Progressive spontaneous recovery of diaphragm activity may occur through phrenic nerve sprouting and/or bulbospinal pathway reorganization. Reinnervation at the denervated hemidiaphragm NMJ can be achieved via sprouting from spared ipsilateral PhMNs (i.e., located at the C3 level in our C4 injury paradigm), as we have demonstrated in the present study. Spared or previously silent C3 PhMNs can also be recruited in an effort to maintain or enhance effective diaphragm contraction.¹⁰ This hypothesis was supported by findings from el-Bohy and colleagues that demonstrated an increase in phrenic neurogram activity ipsilateral to contusion.⁵ In our previous study, we found an increase in hemidiaphragm EMG activity ipsilateral to the cervical injury site,² supporting the notion of increased drive from supraspinal circuitry. Local changes in spinal circuits or reorganization of suprapinal pathways have been extensively described following C2 hemisection;^19–21 however, at present we are uncertain of the effect of a midcervical contusion injury on these mechanisms. Neuronal mechanisms underlying spontaneous CMAP recovery remain largely unknown, but might involve the crossed-phrenic pathway, plasticity of pre-phrenic interneurons, recruitment of spared PhMNs or new motor units, and changes in PhMN excitability via alterations in expression of glutamatergic and/or serotoninergic receptors. Characterization of these potential recovery mechanisms deserves further investigation in cervical contusion paradigms. Although one could argue that contusion injuries are more clinically relevant than cervical hemisection, these injuries are challenging in terms of pathophysiology, as they present the complication of disrupting both local gray and white matter and descending axonal input to gray matter at and below the lesion.

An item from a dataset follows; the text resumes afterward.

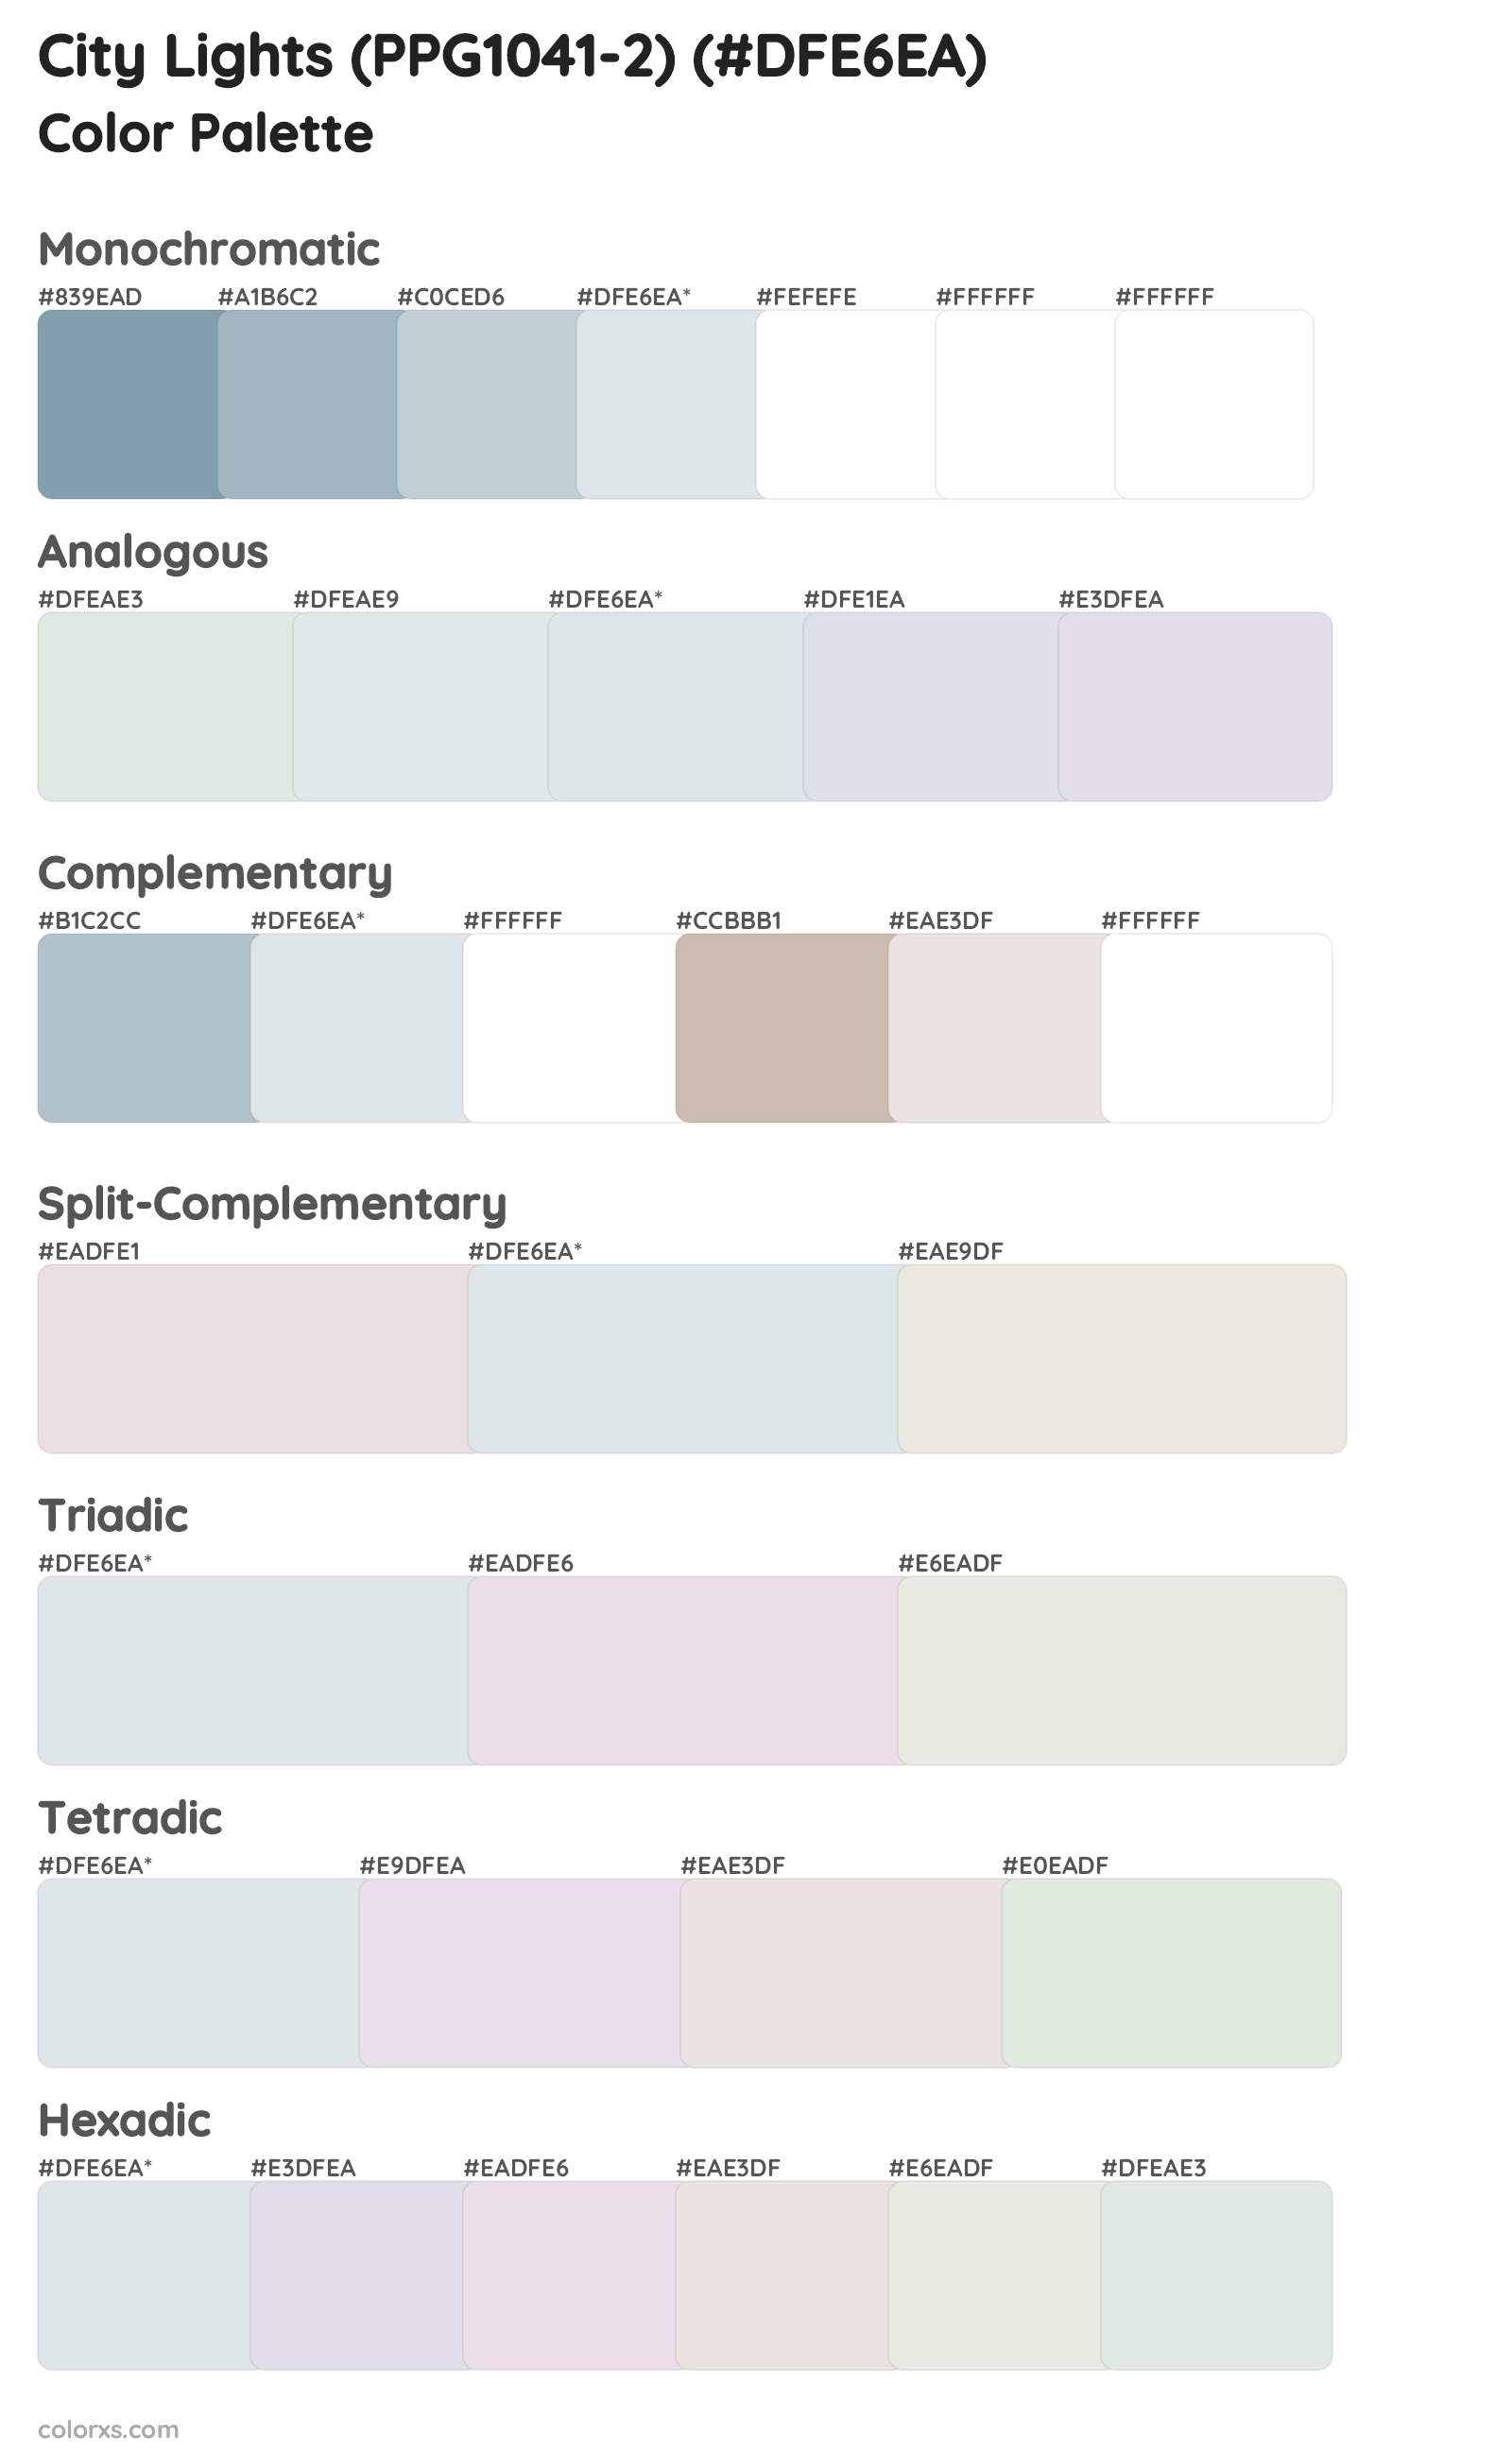 City Lights (PPG1041-2) Color Scheme Palettes
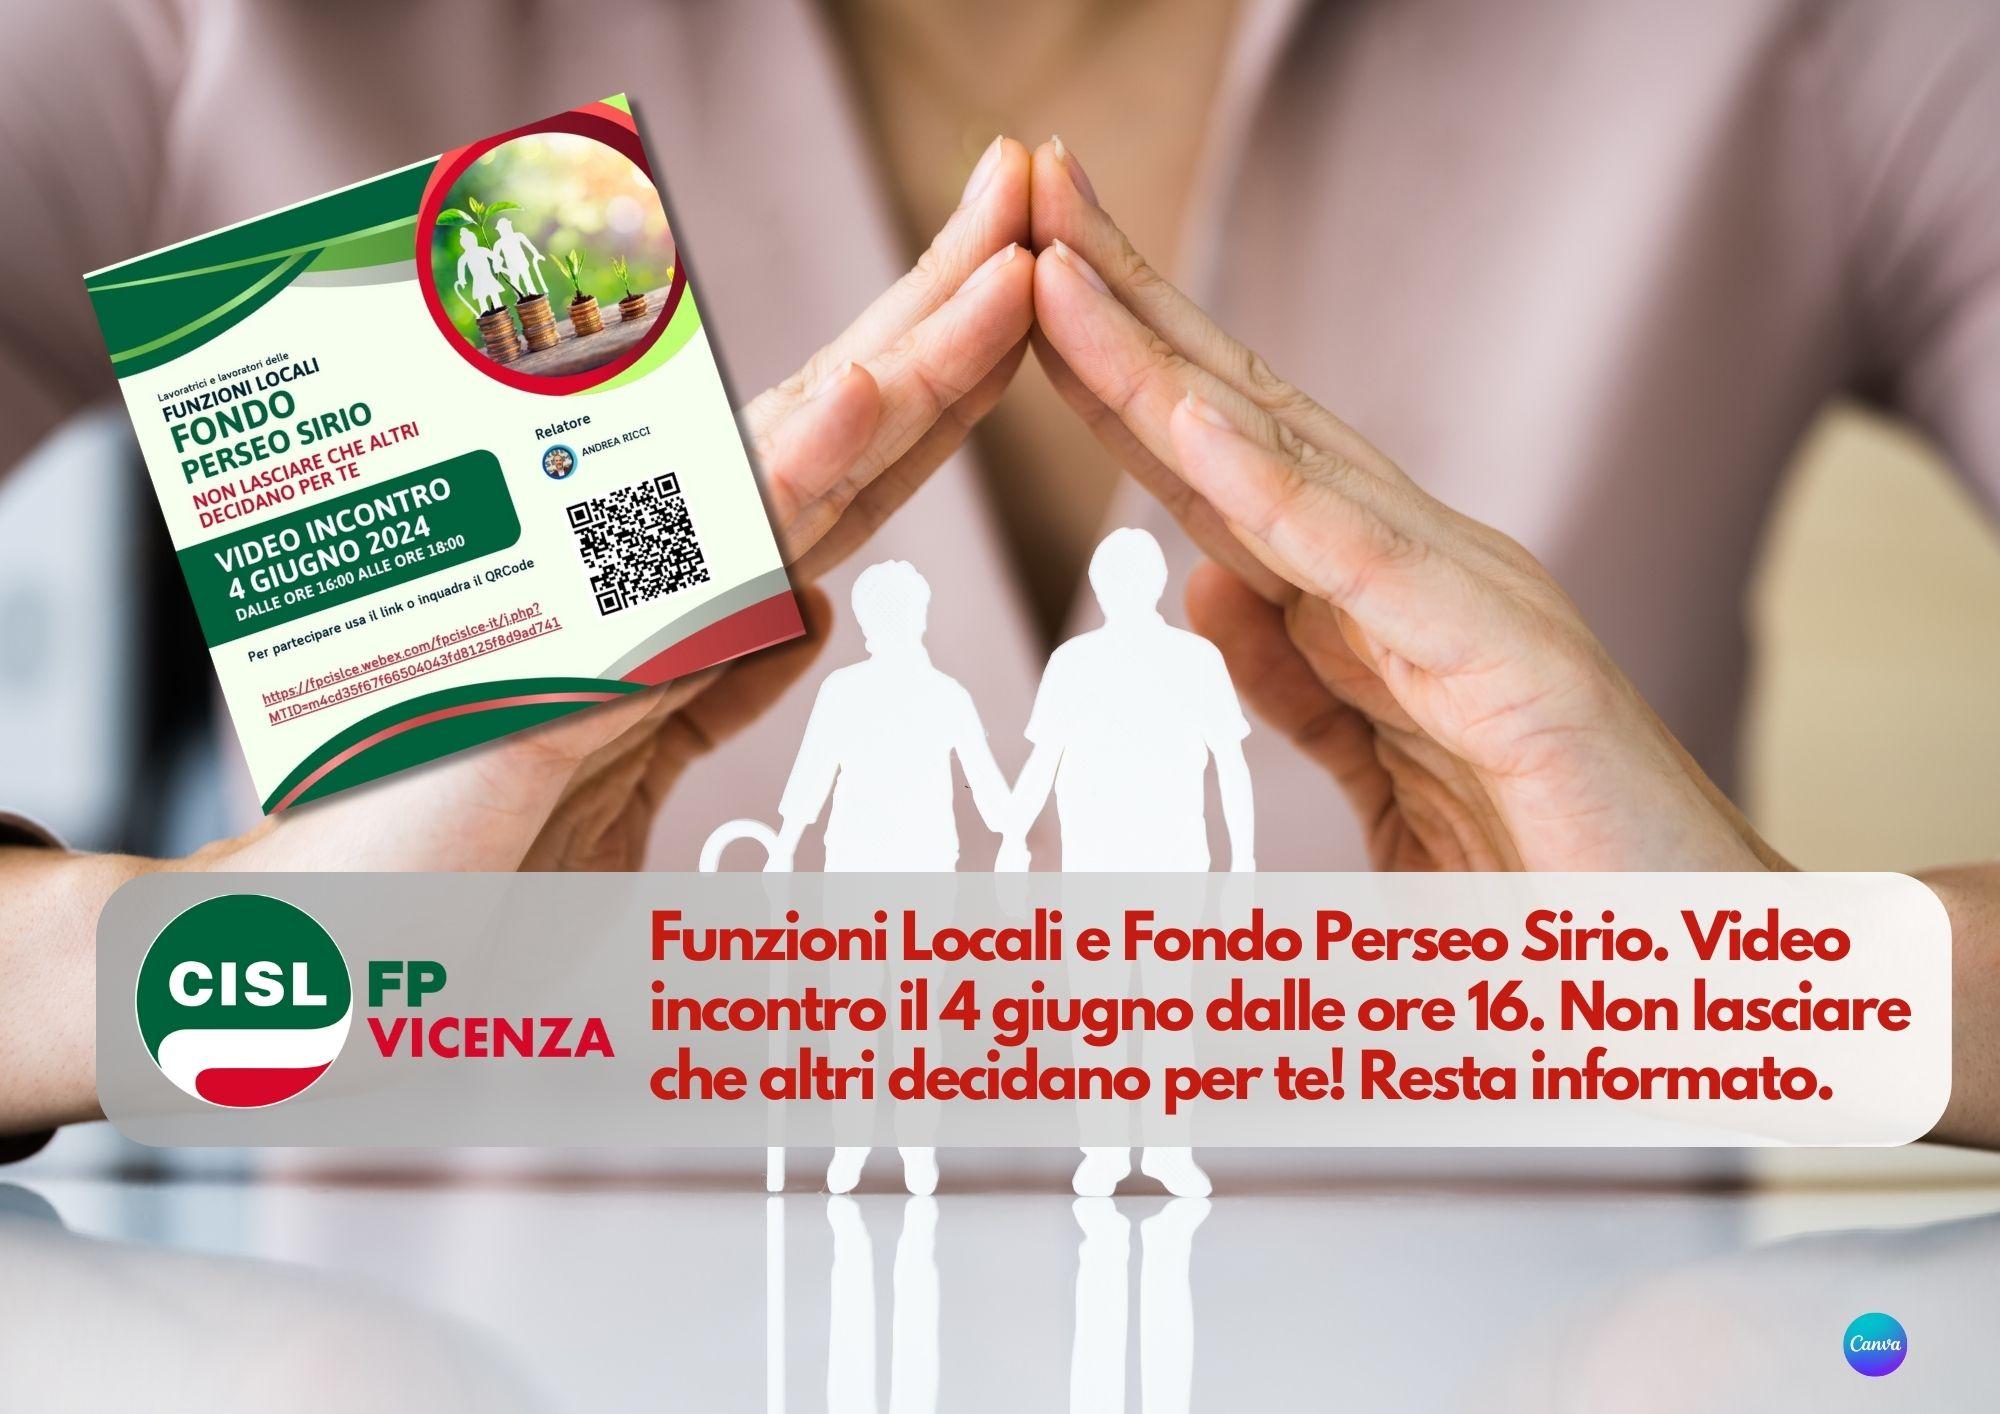 CISL FP Vicenza. Funzioni Locali e Fondo Perseo Sirio. Video incontro il 4 giugno dalle ore 16

We have demonstrated that persistent ipsilateral hemidiaphragm deficits were associated with only transient impairment in overall ventilatory parameters, similar to effects observed in some cases of human SCI.^22,23 Our findings are in accordance with experimental data previously reported in unilateral C5 contusion⁸ and bilateral cervical contusion^9,10 paradigms. Most of these studies demonstrated transient changes in respiratory rate and tidal volume under normoxic conditions, but no effects on global minute ventilation. At 1 DPI, our spinally injured rats exhibited a reduced tidal volume, and they had a higher respiratory rate to maintain the same minute ventilation as control animals. Under quiet breathing, minute ventilation of injured rats is not distinguishable from that of uninjured rats; however, this might not be the case with respiratory challenge. A limitation of our study is the recording of ventilatory patterns only under normoxic conditions. It has been demonstrated that respiratory abnormalities could be detected up to 4 weeks following C5 SCI under hypercapnic conditions (although this response ultimately recovered), whereas under normocapnia, the abnormality only lasted for 2 weeks.⁸ Collectively, these data suggest that animal models of midcervical hemicontusion manifest subacute respiratory abnormalities. To date, none of the existing cervical contusion SCI models are able to induce persistent ventilatory deficits during both resting breathing and respiratory challenge.^8–10 As suggested by Lane and colleagues from a translational point of view,¹⁰ current cervical contusion paradigms seem to model incomplete cervical SCI (as defined by the American Spinal Injury Association [ASIA] Impairment Scale) or SCI patients weaned from mechanical ventilation, as breathing deficits are observed when the cardiorespiratory system is challenged (i.e., during exercise or hypercapnia).^24–28

A noteworthy ventilatory parameter is peak inspiratory flow, which reflects inspiratory muscle strength in the absence of airway pathology.²⁹ In our injury model, inspiratory flow was reduced during the first 24 h post-contusion, suggesting temporary compromise in inspiratory muscle function. It is likely that compensation from contralateral unaffected hemidiaphragm and/or accessory inspiratory muscles allowed for rapid recovery to basal levels. Parallel compensatory mechanisms involving nonphrenic respiratory pathways such as expiratory muscles may have also led to recovery, as well as to the increased respiratory rate observed at 1 DPI. Taken together, these data suggest that the respiratory system has the ability to quickly compensate for unilateral diaphragm deficits by modifying both inspiratory and expiratory breathing patterns.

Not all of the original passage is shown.